Recorded data section start

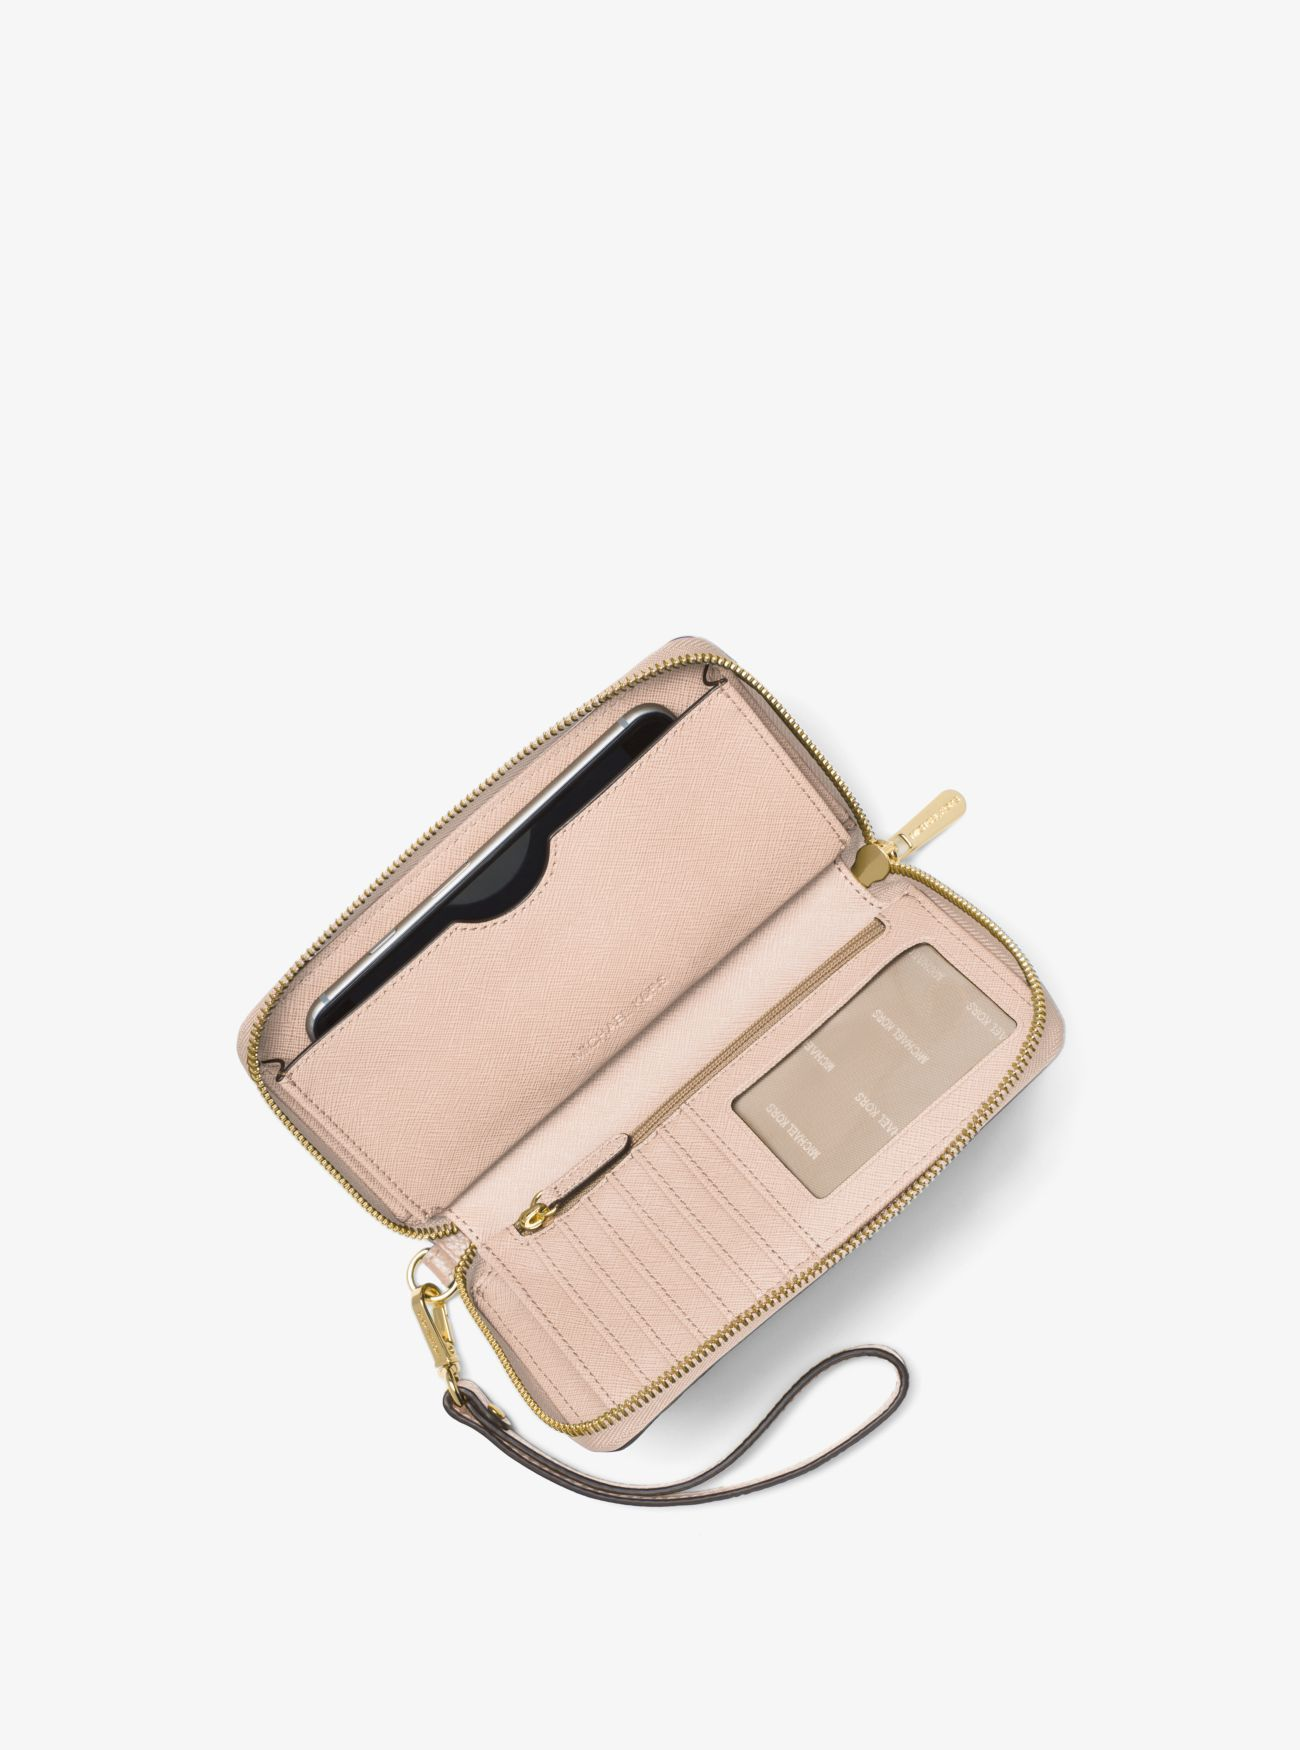 3c68363c691c Large Leather Smartphone Wristlet. Large Leather Smartphone Wristlet Zip  Around Wallet ...
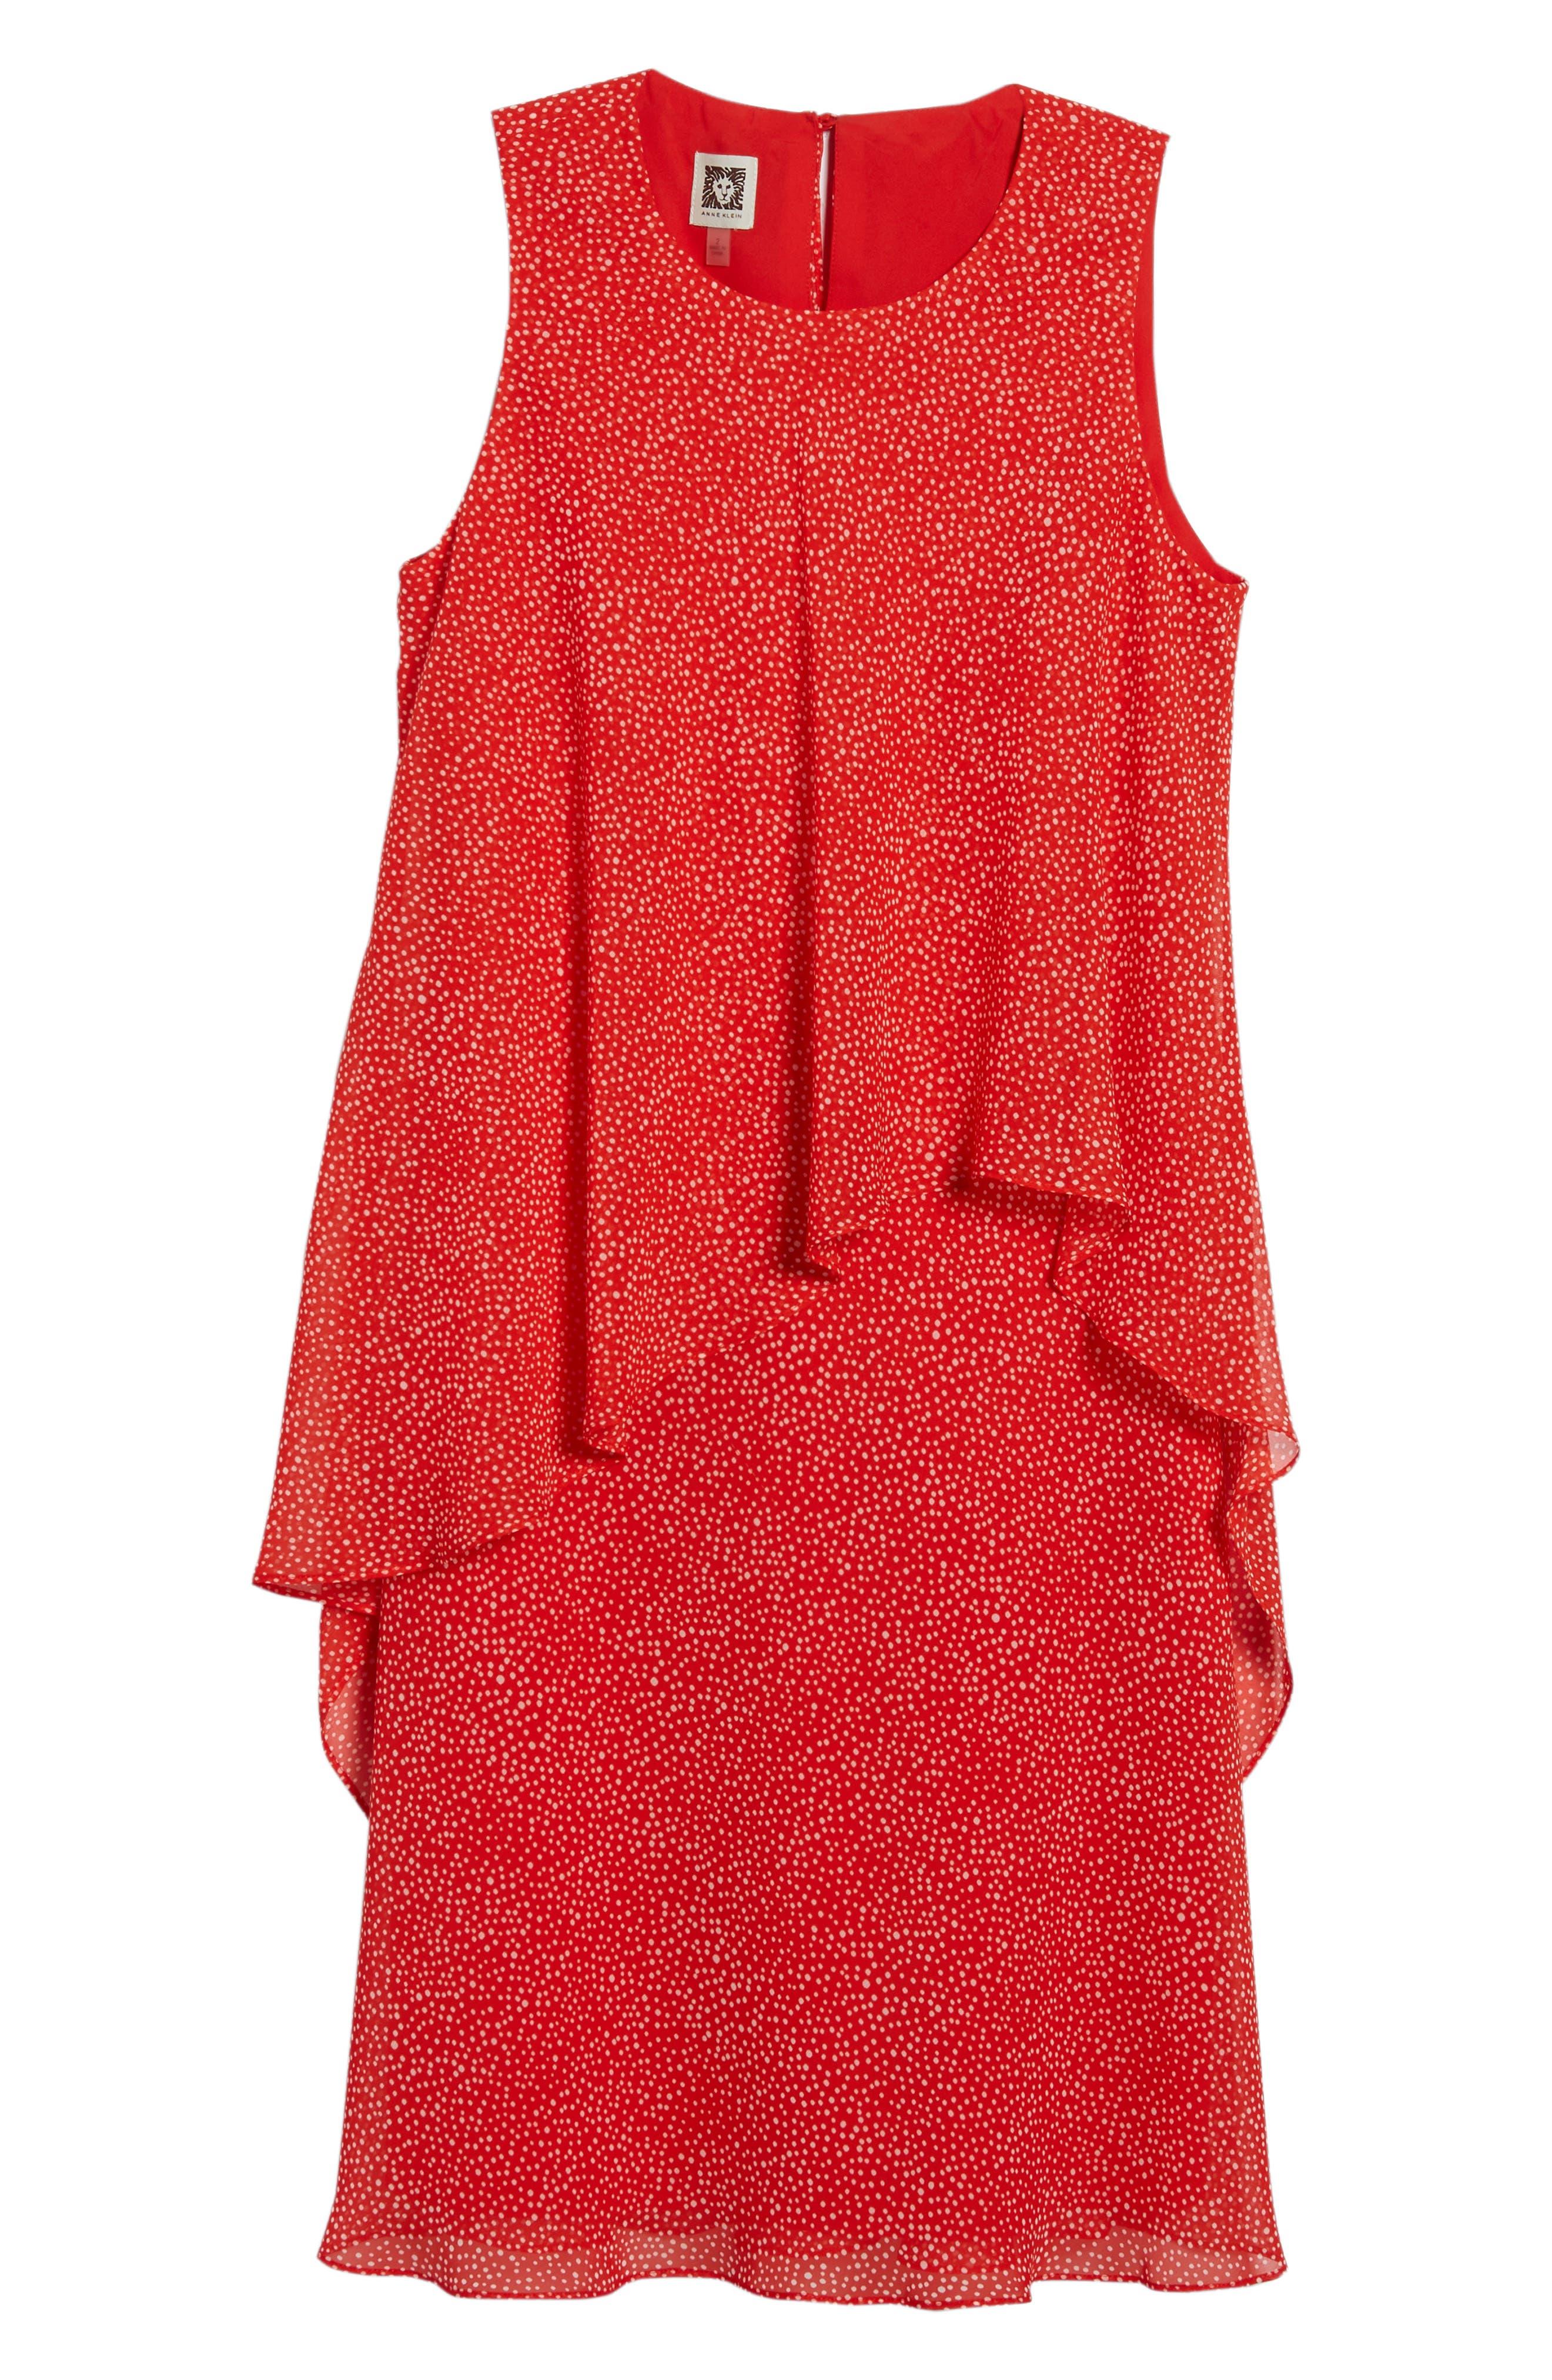 Chiffon Overlay A-Line Dress,                             Alternate thumbnail 6, color,                             Tomato/ White
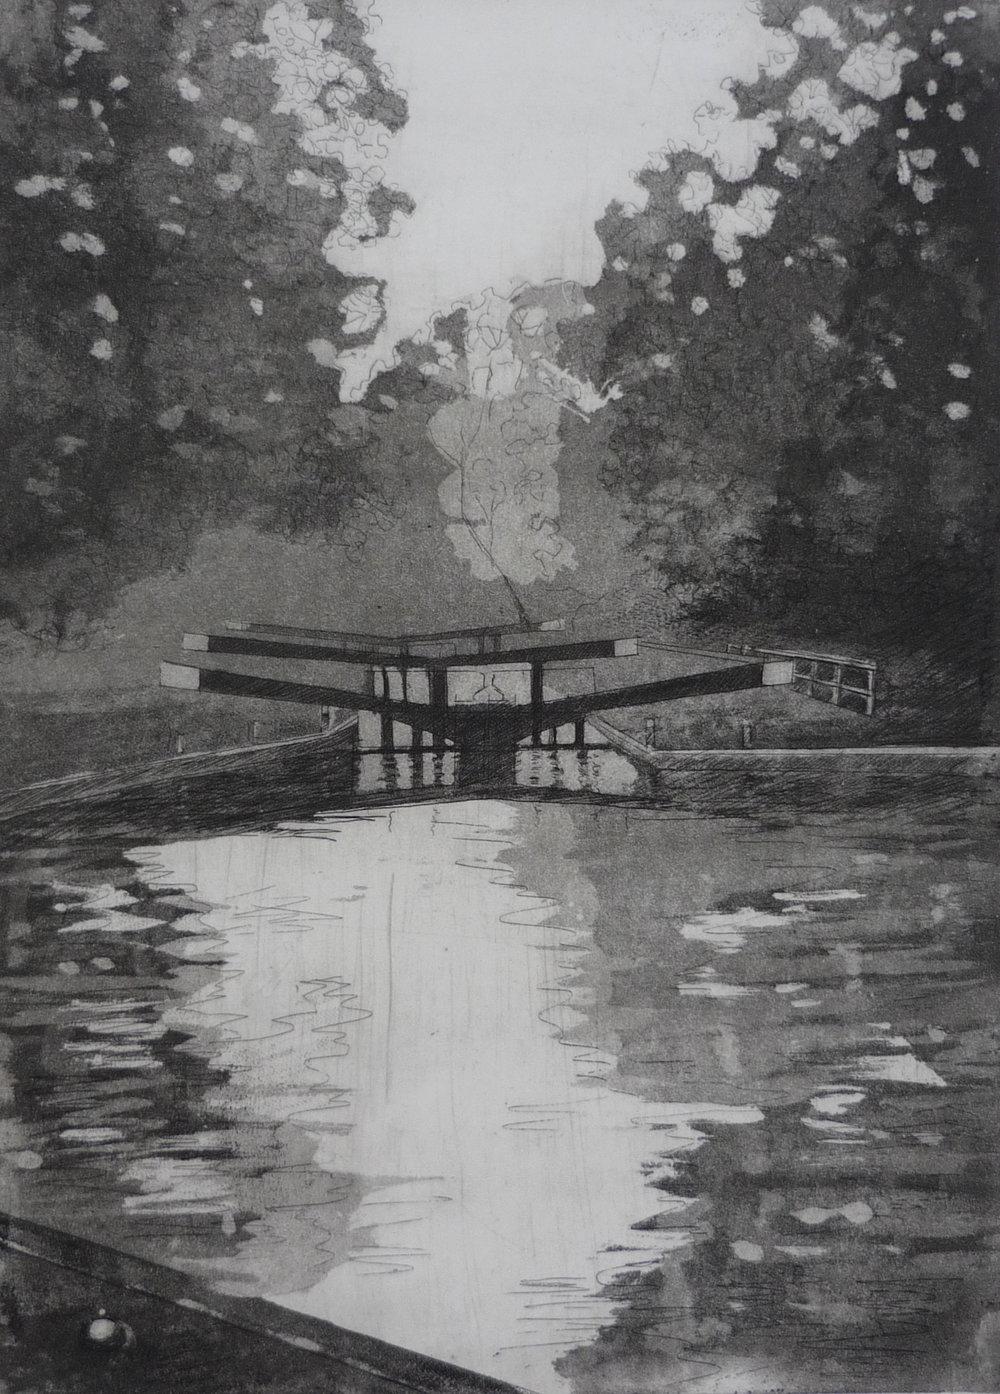 Hanwell Locks etching

Recorded data section end

◆ Action item ◆
For each line above, output its wording exactly and leave out any picture.

◆ Response ◆
 3c68363c691c Large Leather Smartphone Wristlet. Large Leather Smartphone Wristlet Zip  Around Wallet ...
 Chiffon Overlay A-Line Dress,                             Alternate thumbnail 6, color,                             Tomato/ White
 Hanwell Locks etching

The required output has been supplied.